- Country: United States
- Language: English
- Genre: Science fiction short story

Publication
- Published in: Boston Review
- Publication date: October 30, 2017

= Don't Press Charges and I Won't Sue =

Short story by Charlie Jane Anders

"Don't Press Charges and I Won't Sue" is a science fiction story by Charlie Jane Anders. It was first published in Boston Review, in their 2017 Global Dystopias anthology.

==Synopsis==

Rachel is a trans woman who is drugged and kidnapped by an organization called Love and Dignity for Everyone that forces detransition by means of brain transplants, transferring her mind onto the cadaver of a male. Whenever she tries to speak, the cadaver speaks instead, twisting her screams and cries for help into grunts and docile appeals. During the process, she discovers that the person supervising her torture is her childhood friend Jeffrey.
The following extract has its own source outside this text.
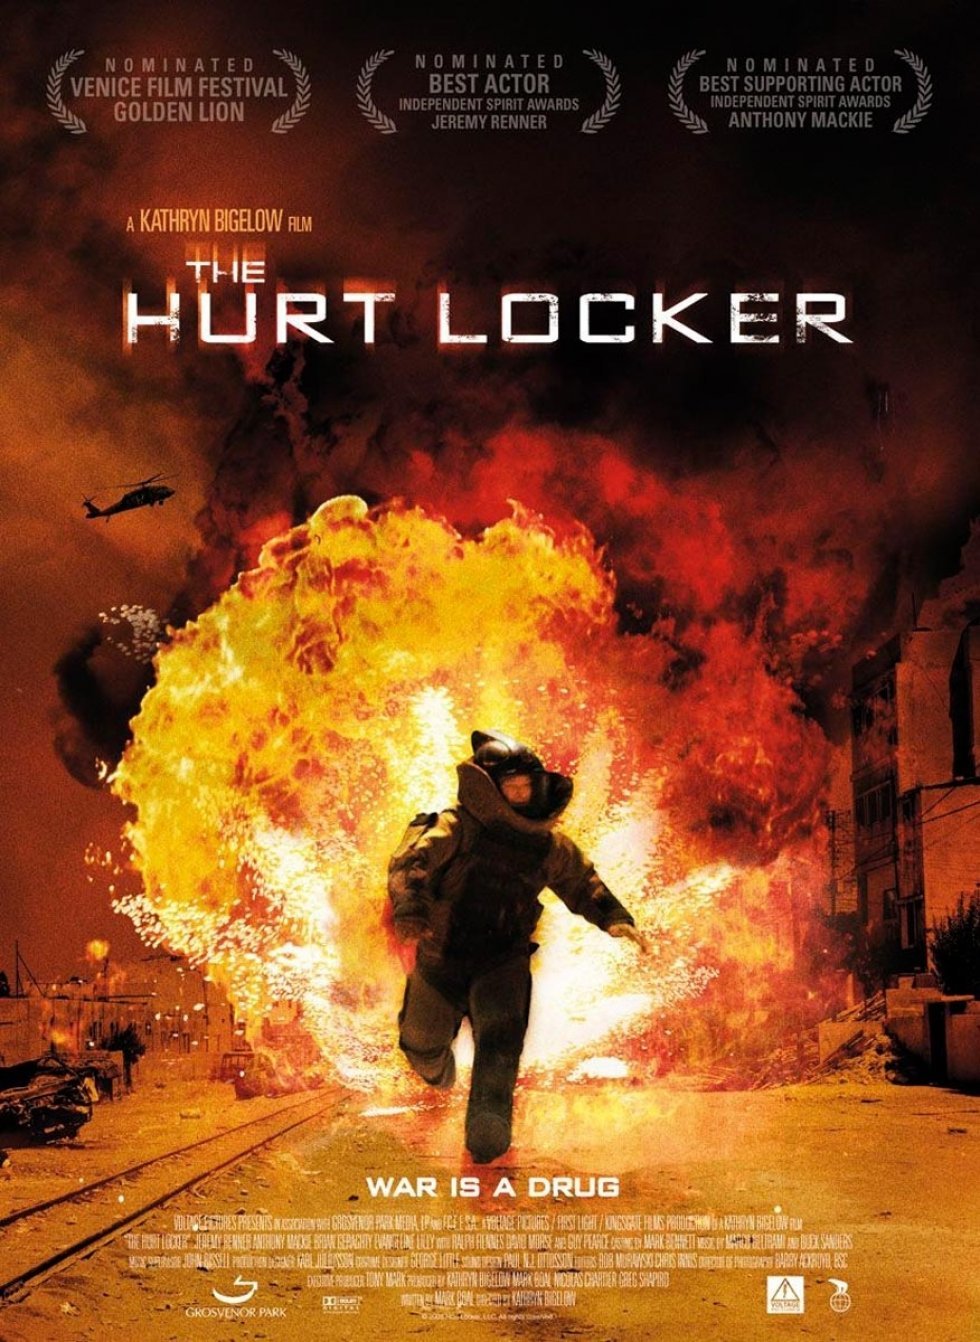 The Hurt Locker - Ude på dvd og Blu-ray

Several flashbacks provide background details about their lives and their relationship, including Rachel's engagement with Sherri, a woman Jeffrey had tried but failed to court.

Rachel pointedly stares at Jeffrey, who tries but fails to avoid her gaze. He asks the organization's president, Mr. Randall, for recusal, but Mr. Randall persuades him to continue with the procedure. Rachel makes the cadaver call out for Jeffrey. After she makes the cadaver scream Sherri's name, Jeffrey, in a breach of protocol, barges into the room and tries to quiet her. Rachel manages to headbutt Jeffrey and grab his utility knife, using it to stab Jeffrey and free herself. She escapes the facility and flees into the surrounding wilderness, all while the cadaver pursues her. She attempts to slow it down, but it shrugs off any obstacles in the way. As the cadaver gets closer and closer, she wades into a roaring stream, stops at a waterfall downstream, and jumps.

==Reception and awards==

Gardner Dozois compared it to Kafka's The Castle. Publishers Weekly considered it "astoundingly good".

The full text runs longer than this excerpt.